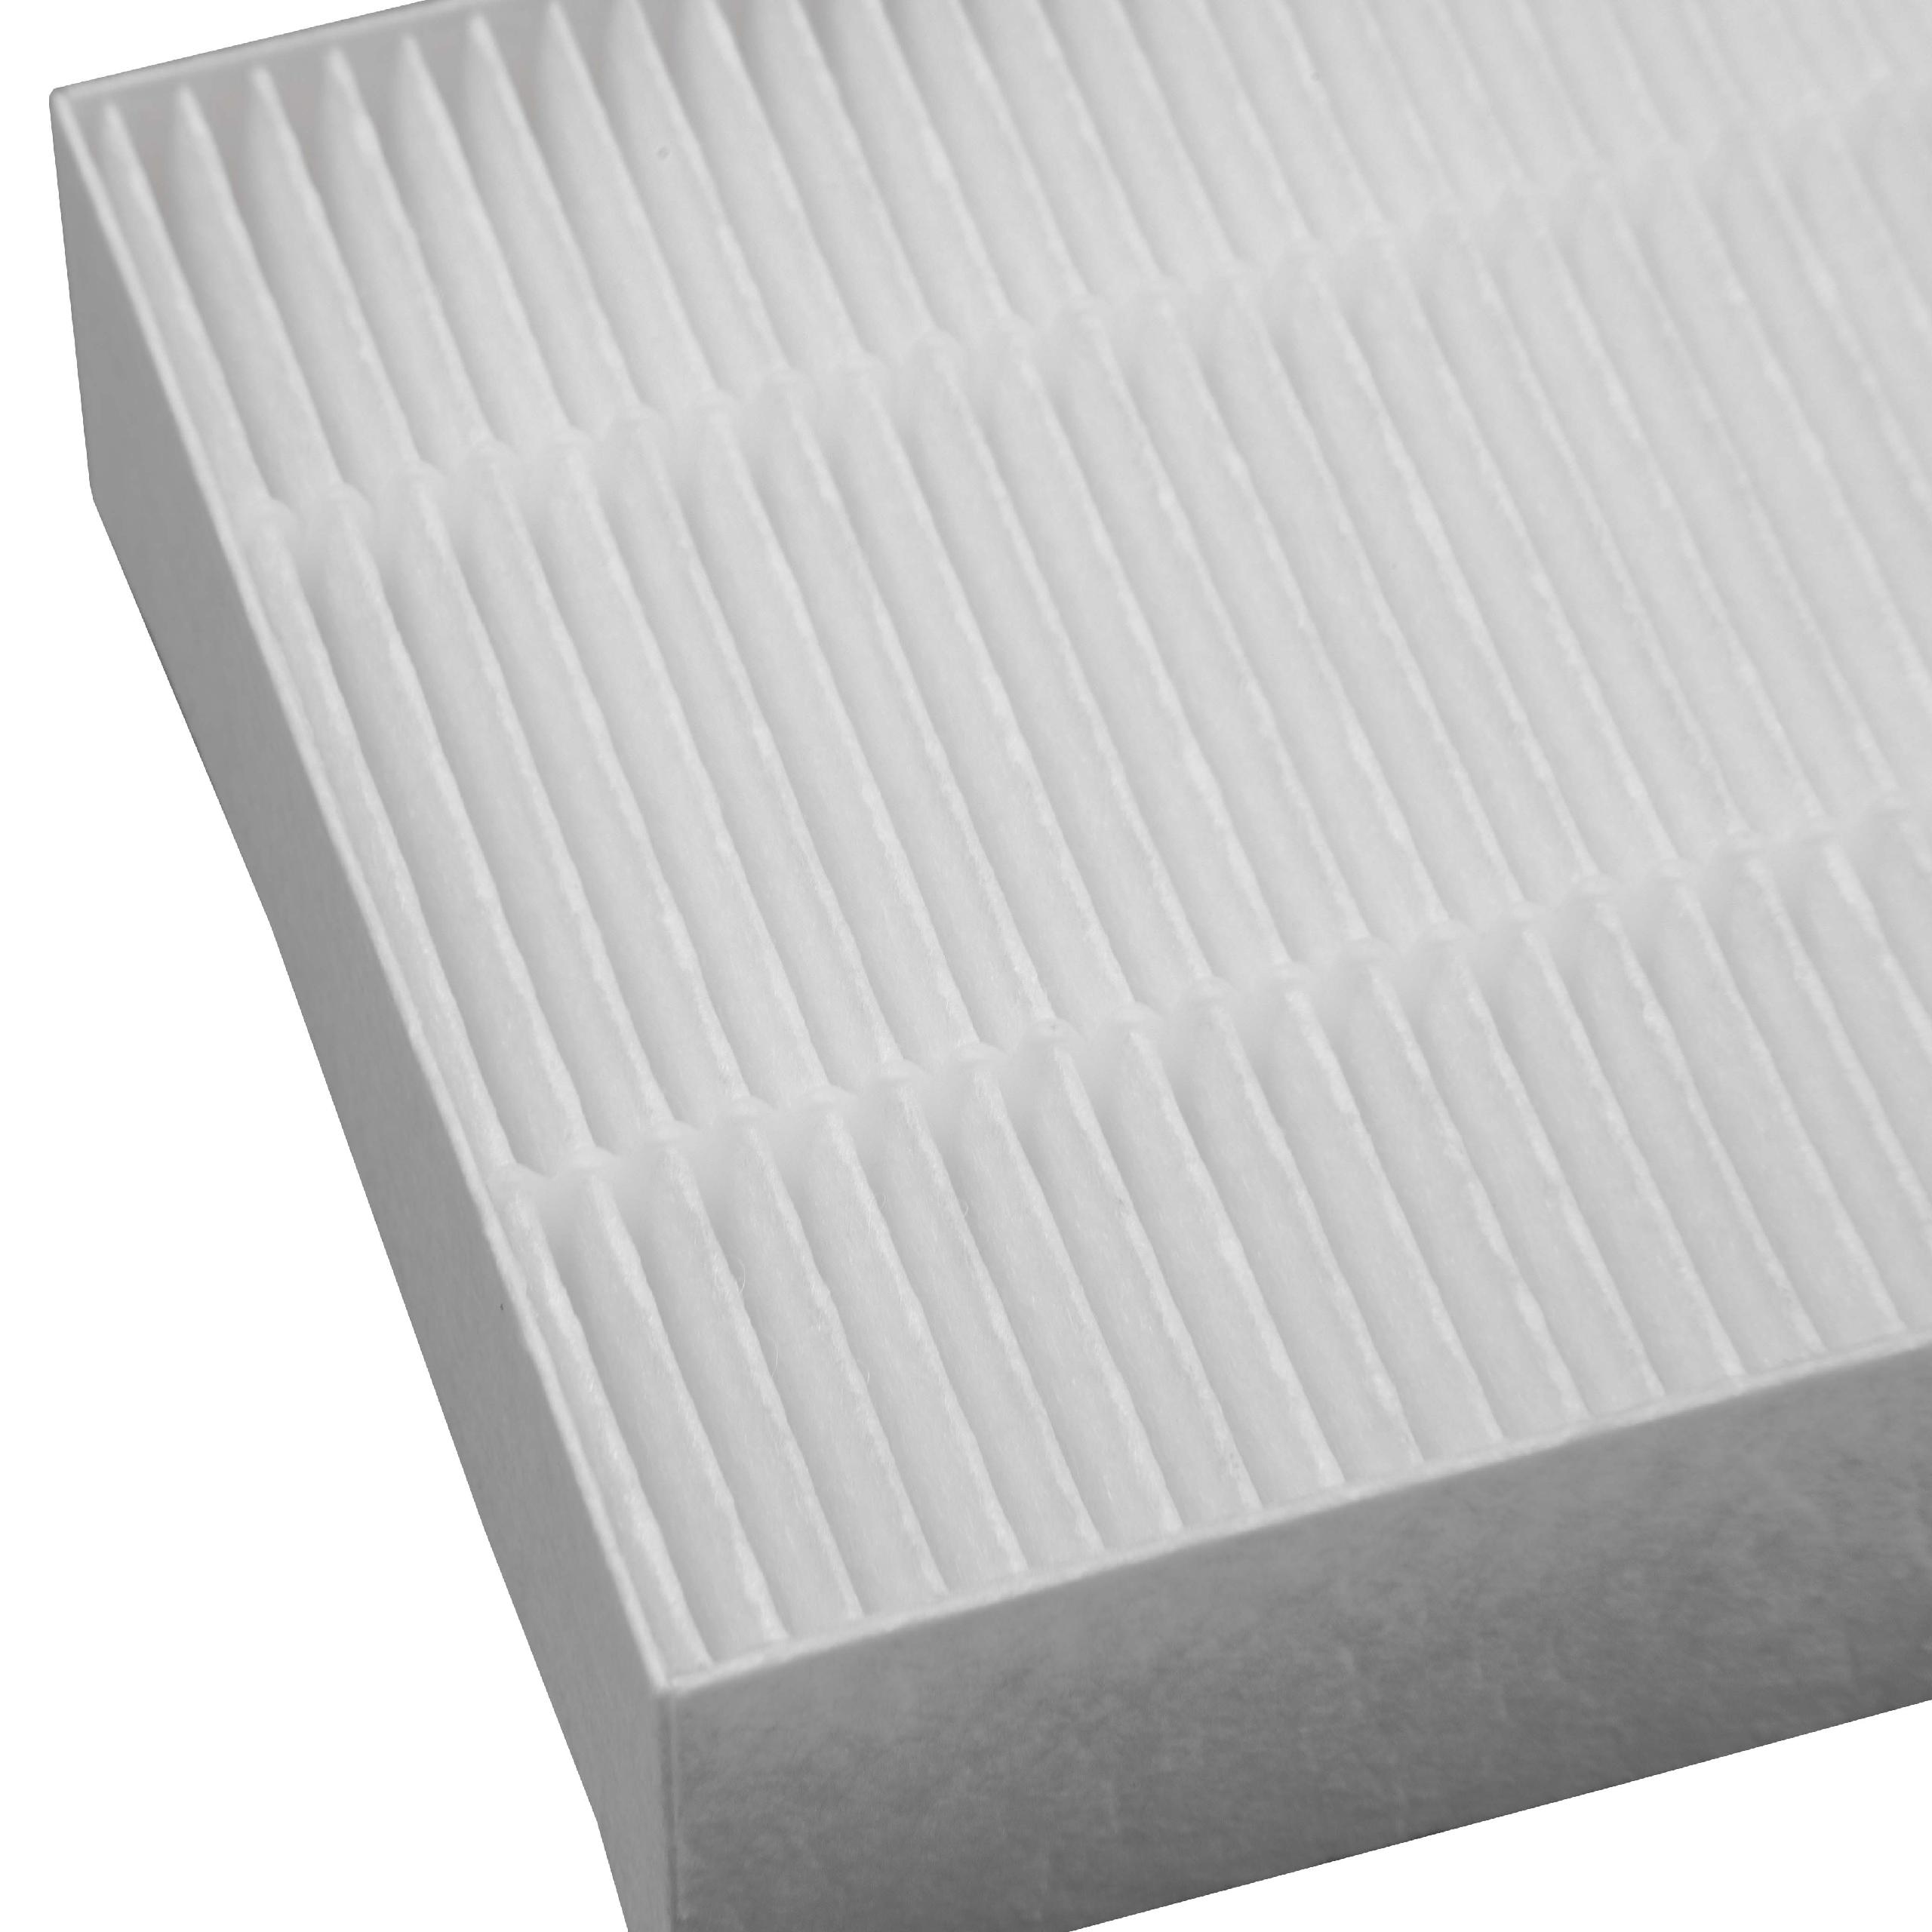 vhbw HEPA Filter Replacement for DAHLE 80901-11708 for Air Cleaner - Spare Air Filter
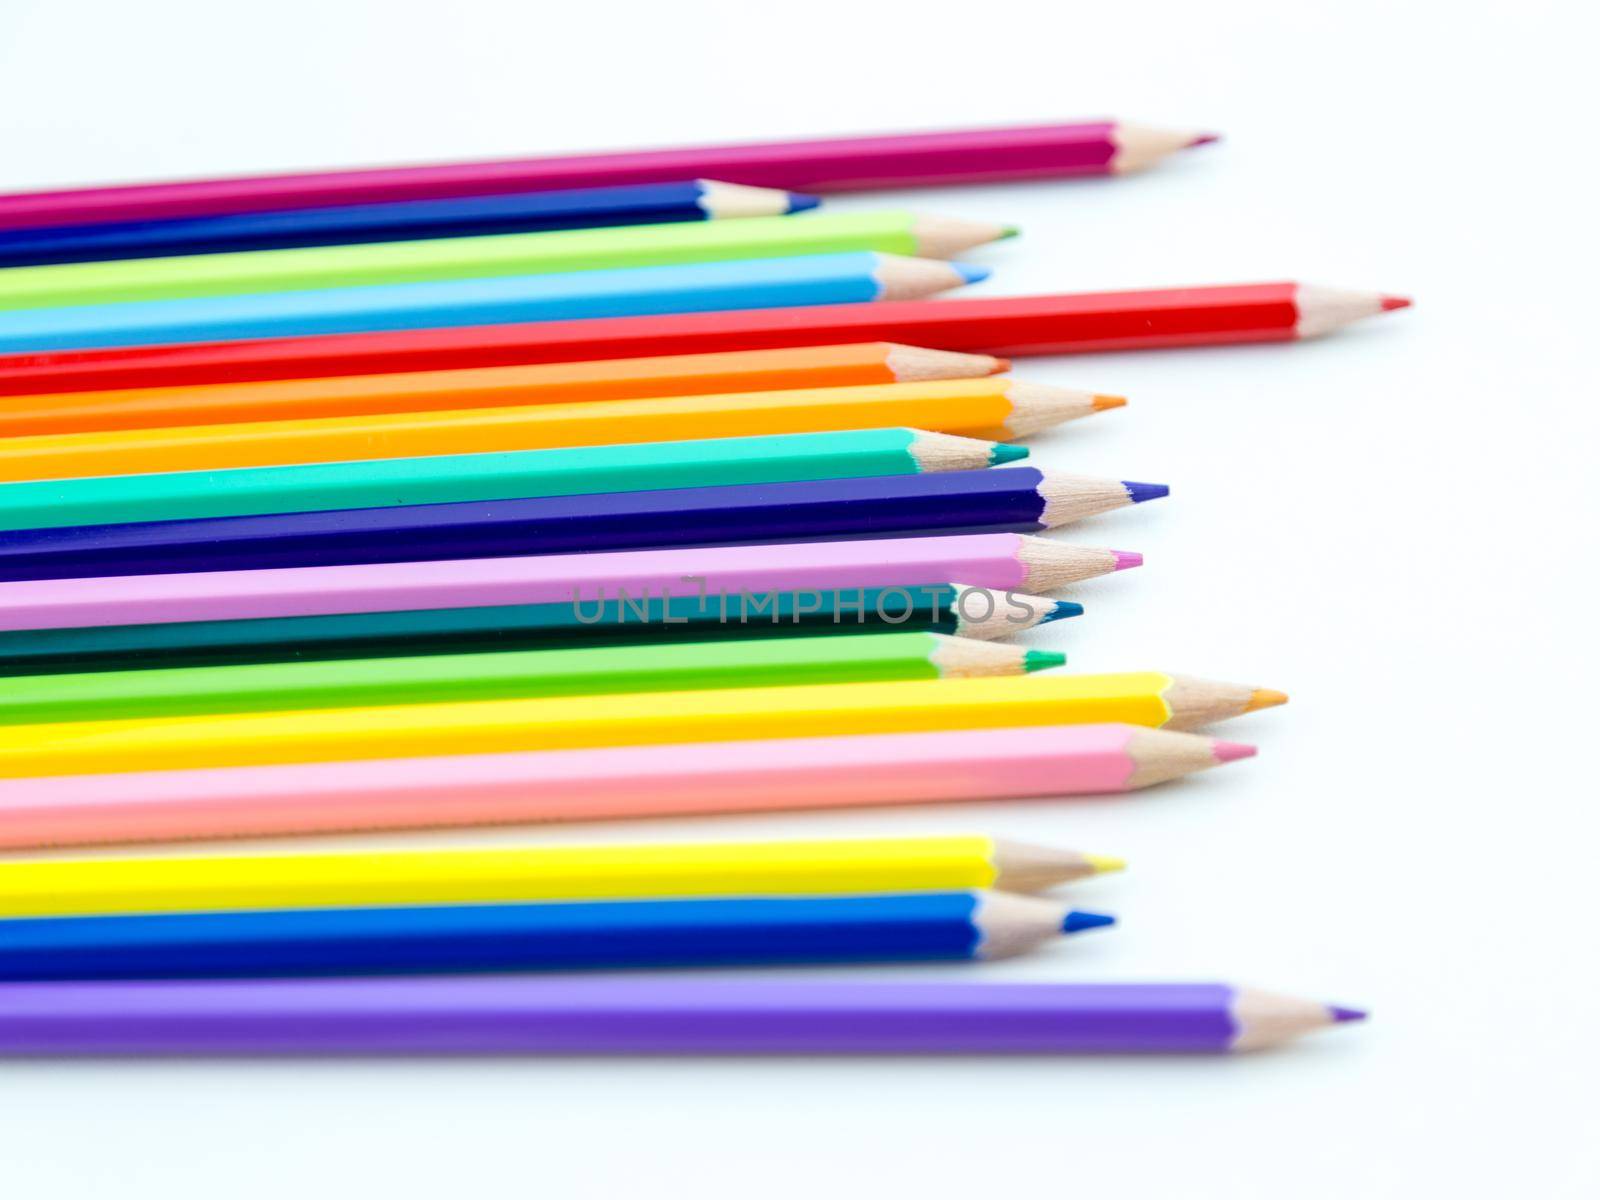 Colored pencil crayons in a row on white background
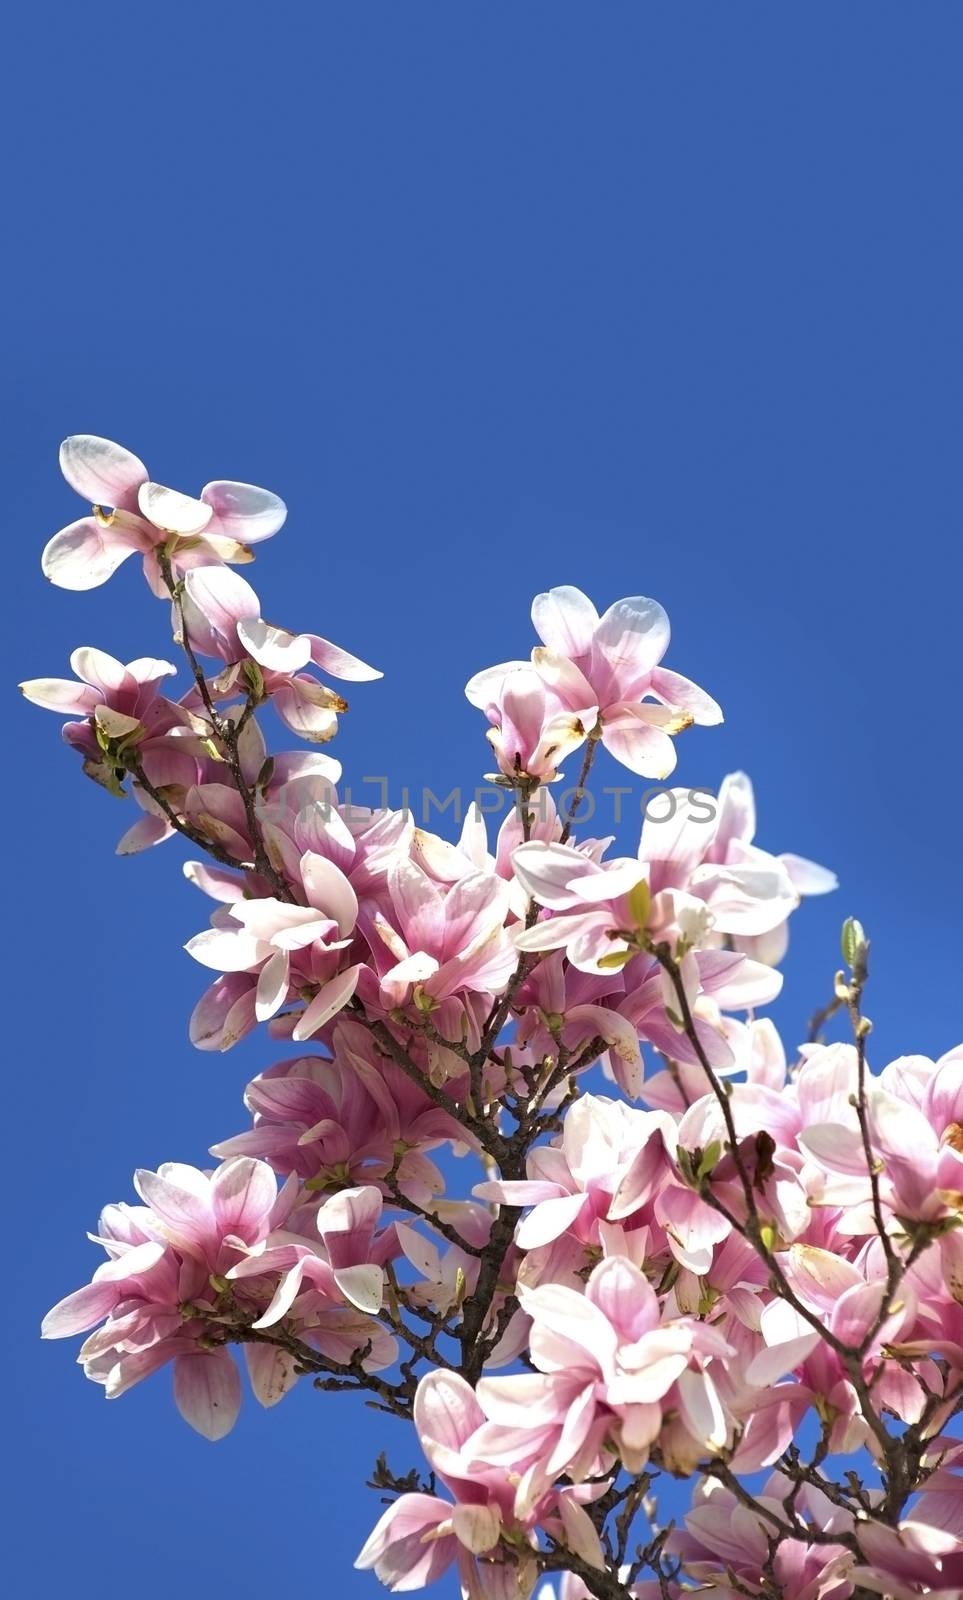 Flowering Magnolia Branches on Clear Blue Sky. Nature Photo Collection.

━━━━━━━━━━━━━━━━

Leaving aside the pictures, copy the listing above exactly.

 vhbw HEPA Filter Replacement for DAHLE 80901-11708 for Air Cleaner - Spare Air Filter
 Colored pencil crayons in a row on white background
 Flowering Magnolia Branches on Clear Blue Sky. Nature Photo Collection.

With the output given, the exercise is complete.